Stored data:
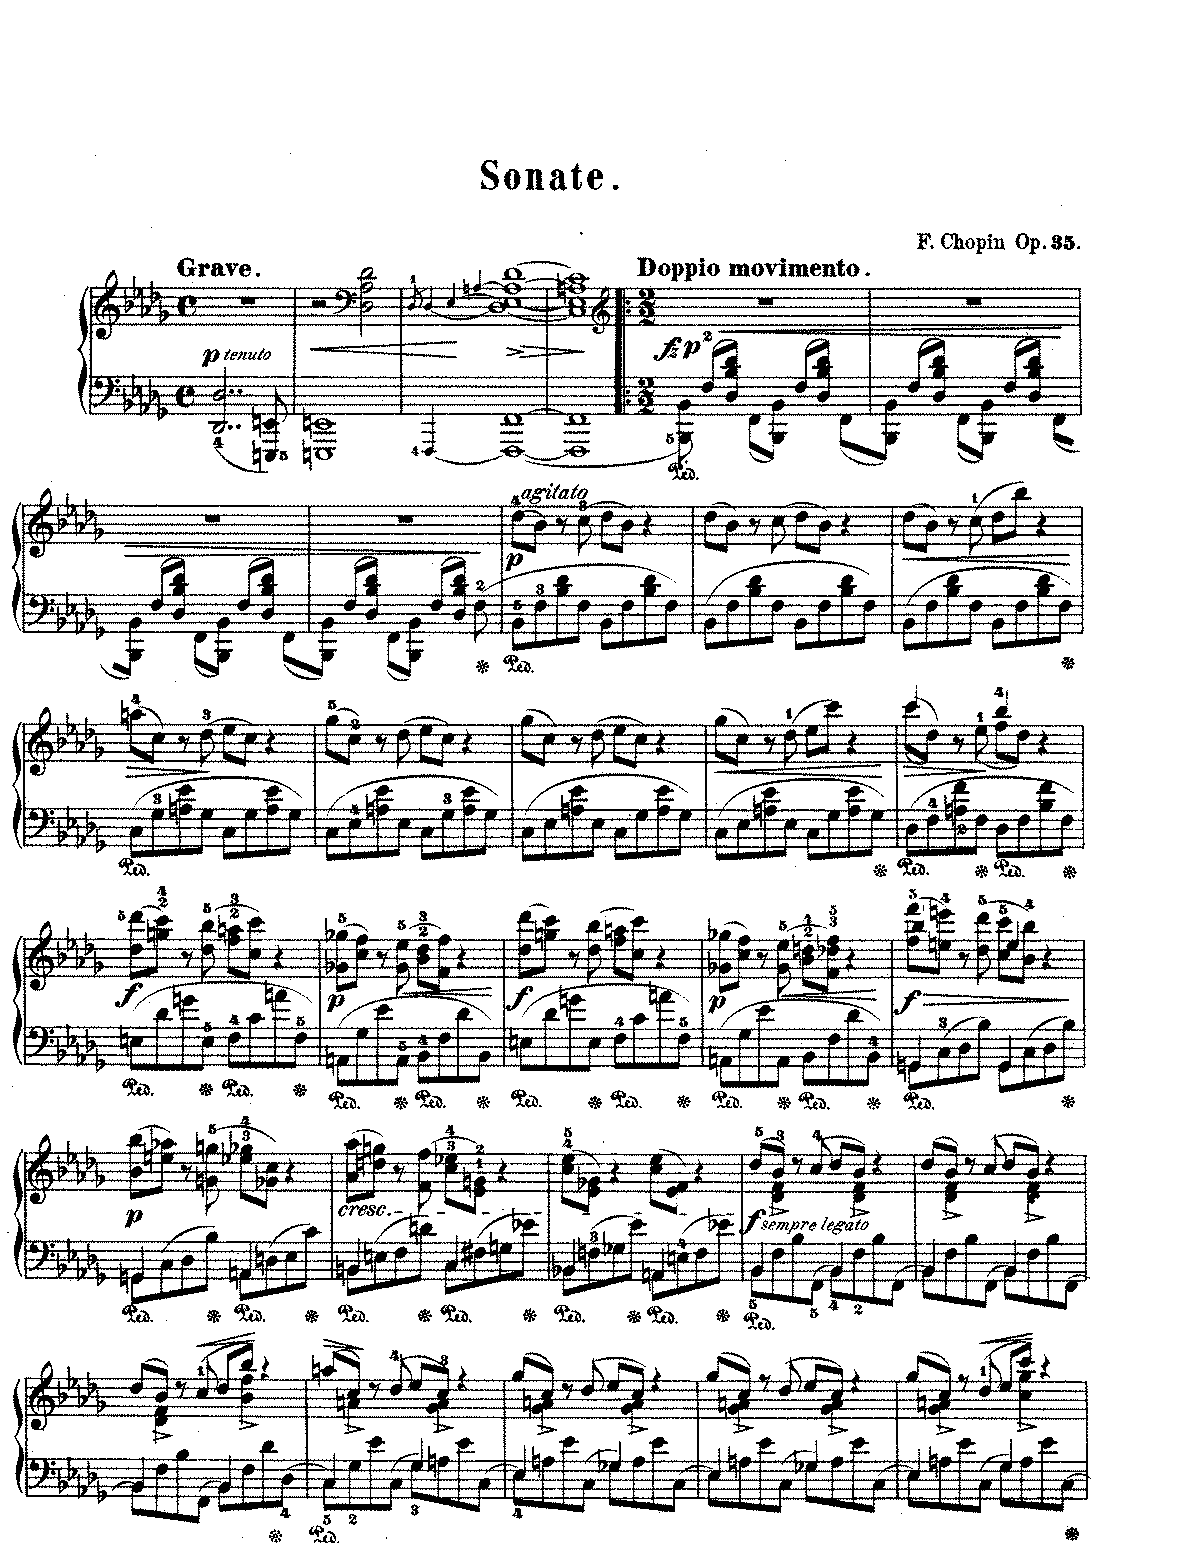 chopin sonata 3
* * *
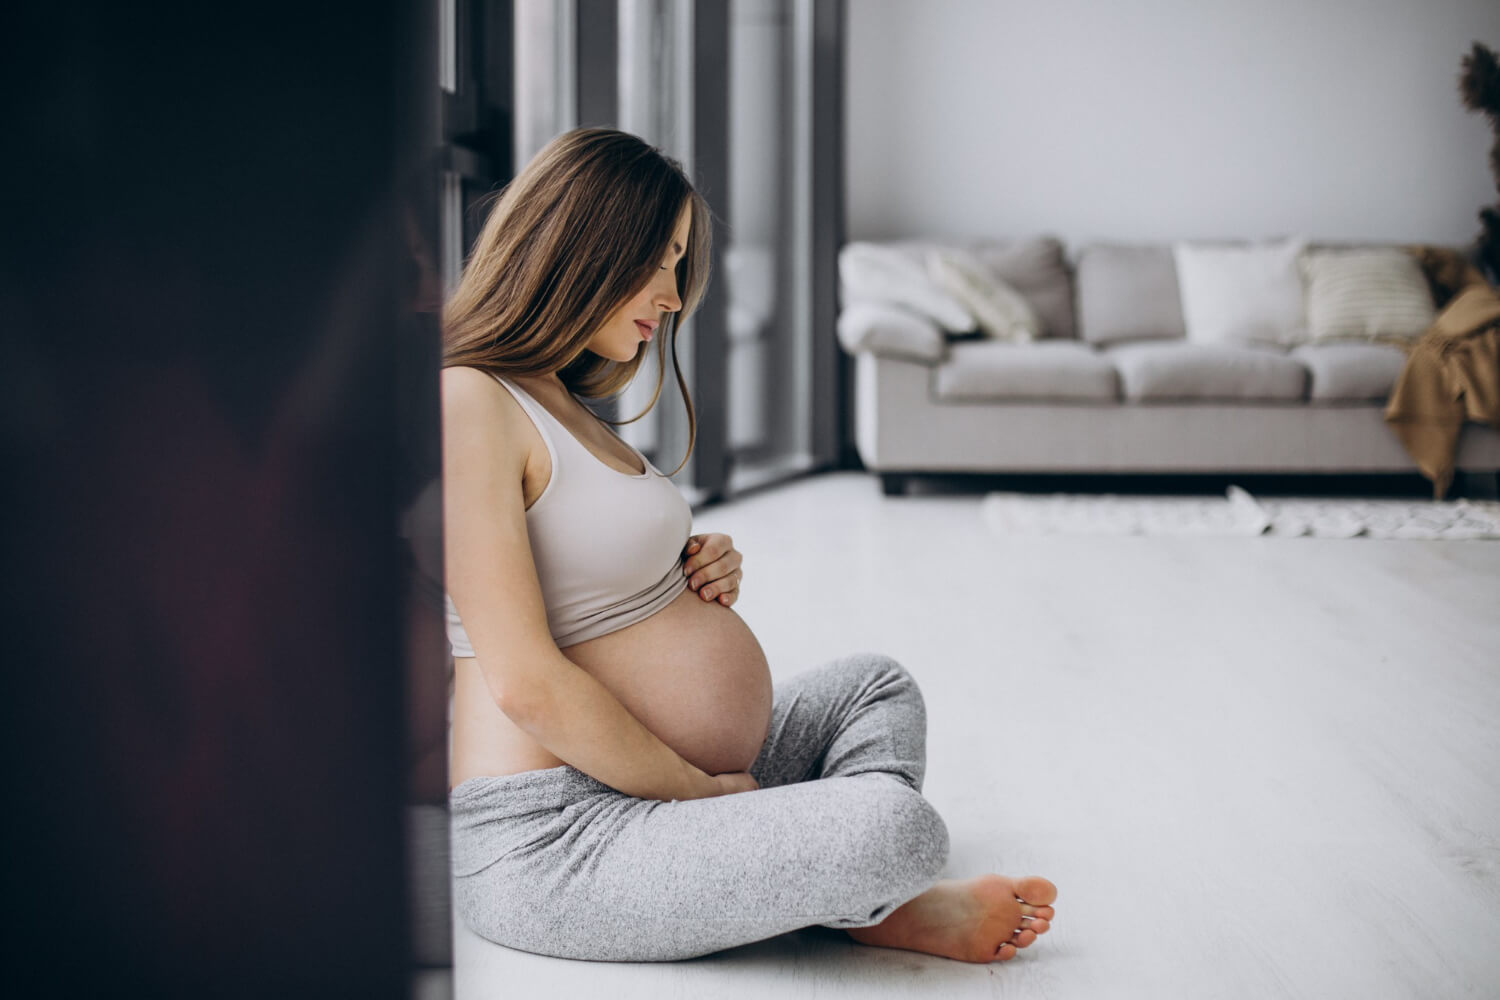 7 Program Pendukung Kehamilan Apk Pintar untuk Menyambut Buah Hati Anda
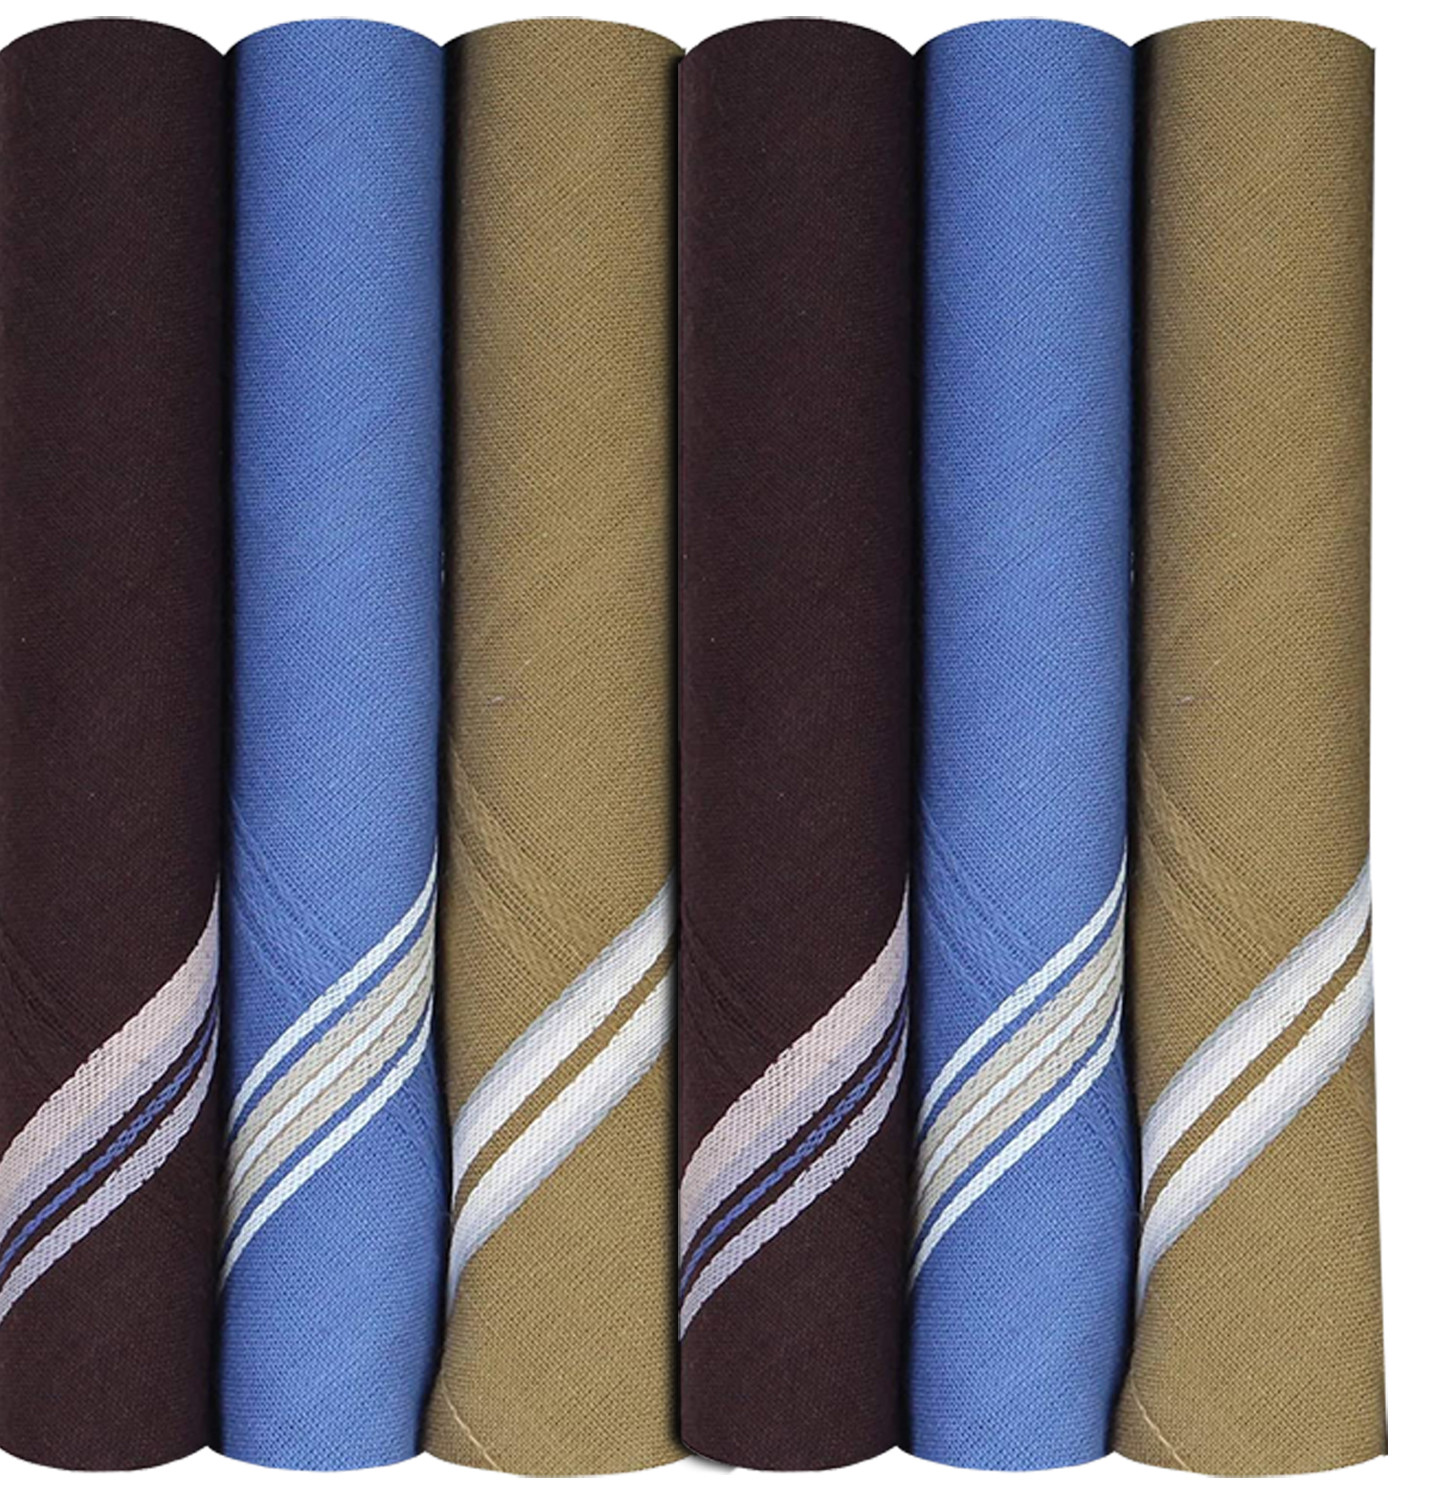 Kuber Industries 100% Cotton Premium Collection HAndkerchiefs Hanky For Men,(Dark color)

Task description:
Using the data above, give again exactly the lines starting at the one holding "7 Program Pendukung" and ending at the one holding "Kuber Industries 100%", inclusive, and nothing more. Omit the pictures.

Exercise solution:
 7 Program Pendukung Kehamilan Apk Pintar untuk Menyambut Buah Hati Anda
 Kuber Industries 100% Cotton Premium Collection HAndkerchiefs Hanky For Men,(Dark color)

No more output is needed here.